4.4 How to Read the Trace Step-by-Step

  1. Zoom to the steady-state region: Ignore the first 2–3 compute blocks (pipeline fill) and the last 2–3 (pipeline drain). Use WASD to zoom in on the middle.

  2. Check DMA/compute overlap: In the steady-state region, DMA blocks should appear above compute blocks at the same horizontal position. If they’re sequential, pipelining is broken.

  3. Count the Fused Op blocks: The total should equal your grid dimension product. For attention with BQ=1024, BKV=512, seq=16384: (16384/1024) × (16384/512) = 16 × 32 = 512 blocks.

  4. Measure the bubble fraction: bubble_time / total_time. Anything above 10% is a red flag. Below 5% is excellent.

  5. Check for copy events: These appear as short blocks between compute blocks. Each copy is a full-buffer read+write that wastes bandwidth. Their presence in steady state means the compiler detected aliasing.

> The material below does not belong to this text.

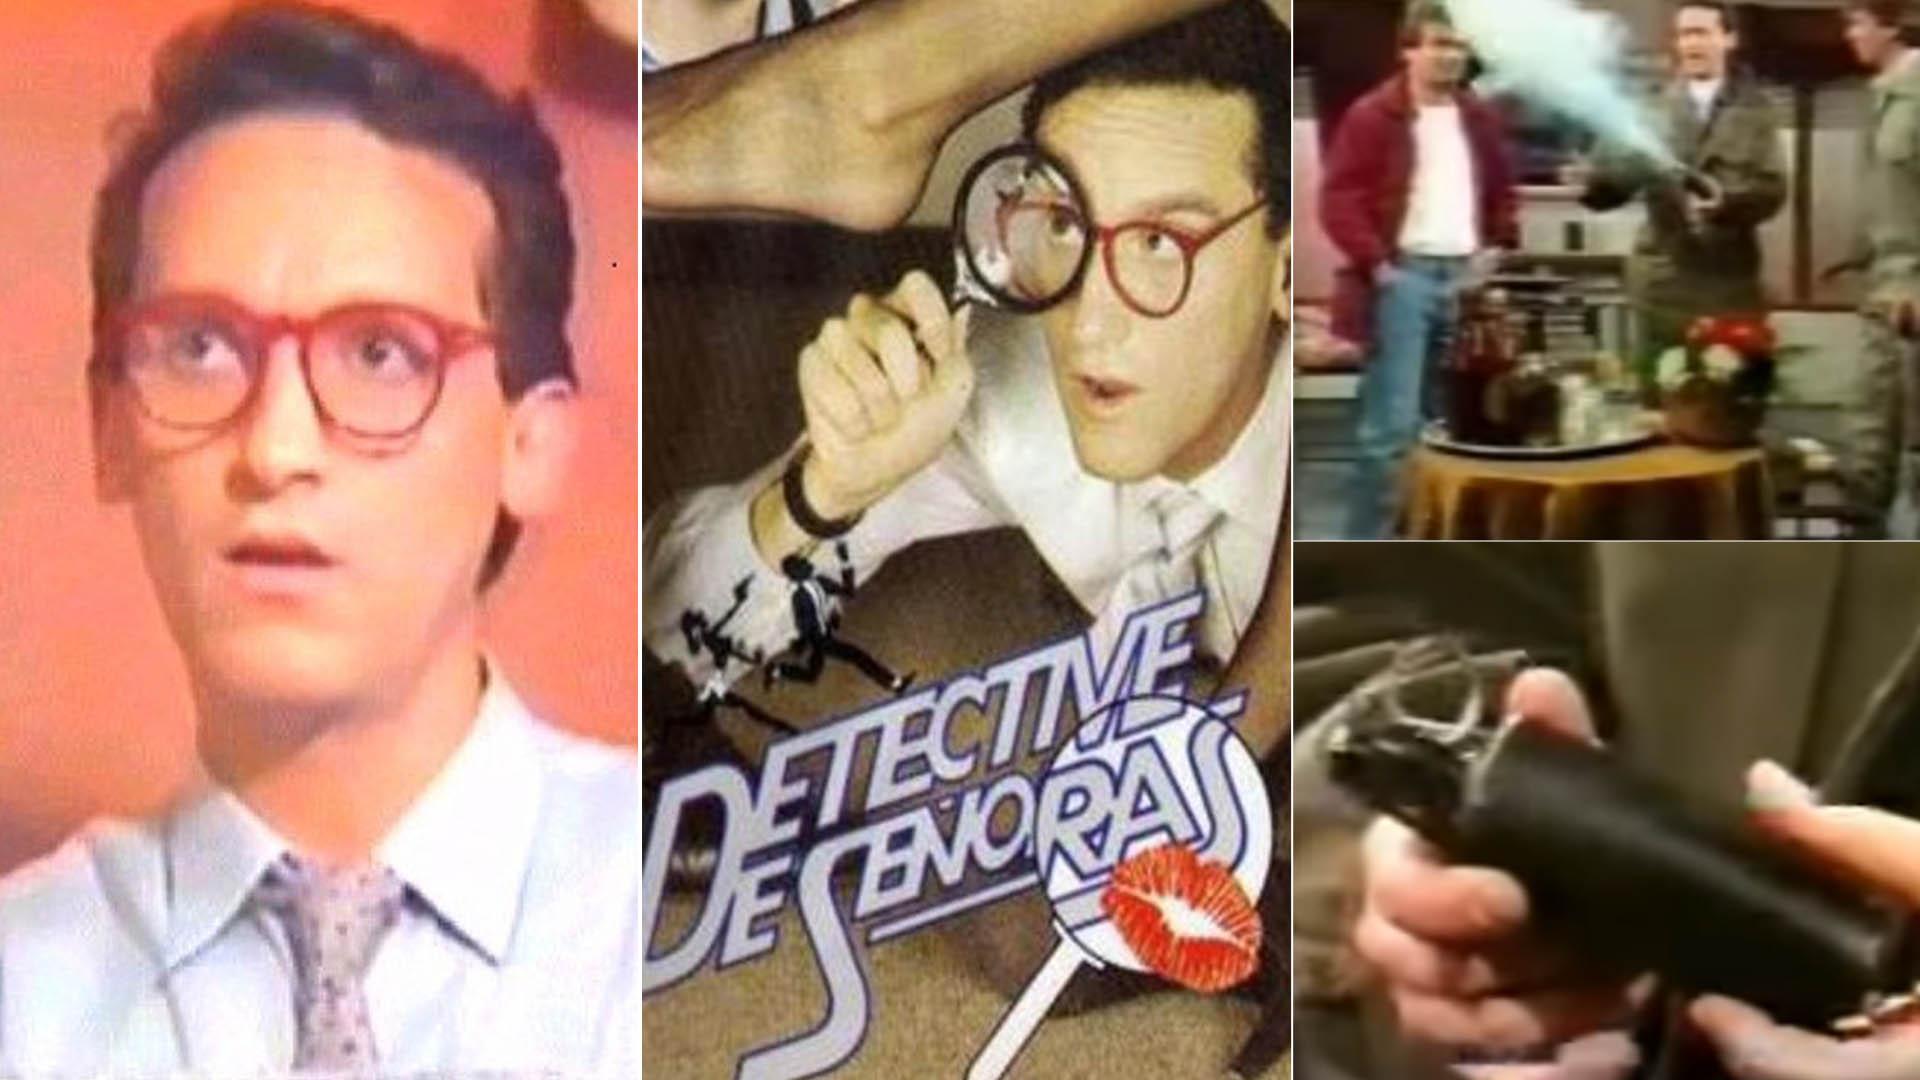 Actriz Porno De Los 80 Fallecida Prematuramente el caso fatal del actor césar pierry: le explotó una granada

4.5 The HLO Op Profile View

The HLO Op Profile (in the Tools dropdown) shows aggregate time spent per operation type across the entire capture. This answers: “which operation type is dominating wall time?”

Key things to look for:

  • exponential (exp) dominating: This is a VPU bottleneck. The softmax’s exp operations are slowing the inner loop. The MXU finishes its matmul and then waits for the VPU to finish the exponentiation before the next P@V matmul can proceed.

  • reduce (max, sum) taking significant time: The row-wise reductions in online softmax reduce over the last array dimension (axis=1 of the (BQ, BKV) score matrix), which is the slowest reduction path on TPU. Consider transposing the score matrix to reduce over the second-to-last dimension instead.

  • Unexpected reshape, transpose, slice ops: The compiler is performing layout coercion — rearranging data to match the VPU/MXU’s expected input layout. This can indicate that your block shapes don’t align with the 8×128 VREG tile shape.

4.6 The Utilization Viewer

The Utilization Viewer translates raw hardware counters into percentages for each unit:

  • TC% (TensorCore / MXU): Fraction of time the MXU is doing useful matmuls. This is the number you want to maximize.
  • HBM read/write %: Fraction of time the HBM bus is actively transferring data.

Key interpretation:

TC% HBM% Meaning
High Low Compute-bound, efficient — ideal for matmul-heavy kernels
Low High Memory-bound — increase intensity
Low Low Pipeline bubbles or overhead — neither unit is being utilized
High High Good overlap — you’re approaching the hardware ceiling

5. HLO Analysis — What the Compiler Actually Generates

5.1 What Is HLO?

HLO (High-Level Operations) is XLA’s intermediate representation — the computation graph that describes exactly what the TPU will execute, after all JAX transformations (tracing, jit compilation, fusion) but before hardware-specific lowering.

For Pallas kernels, the path is: Pallas Python → Mosaic IR → XLA → HLO → LLO (Low-Level Operations) → TPU machine code.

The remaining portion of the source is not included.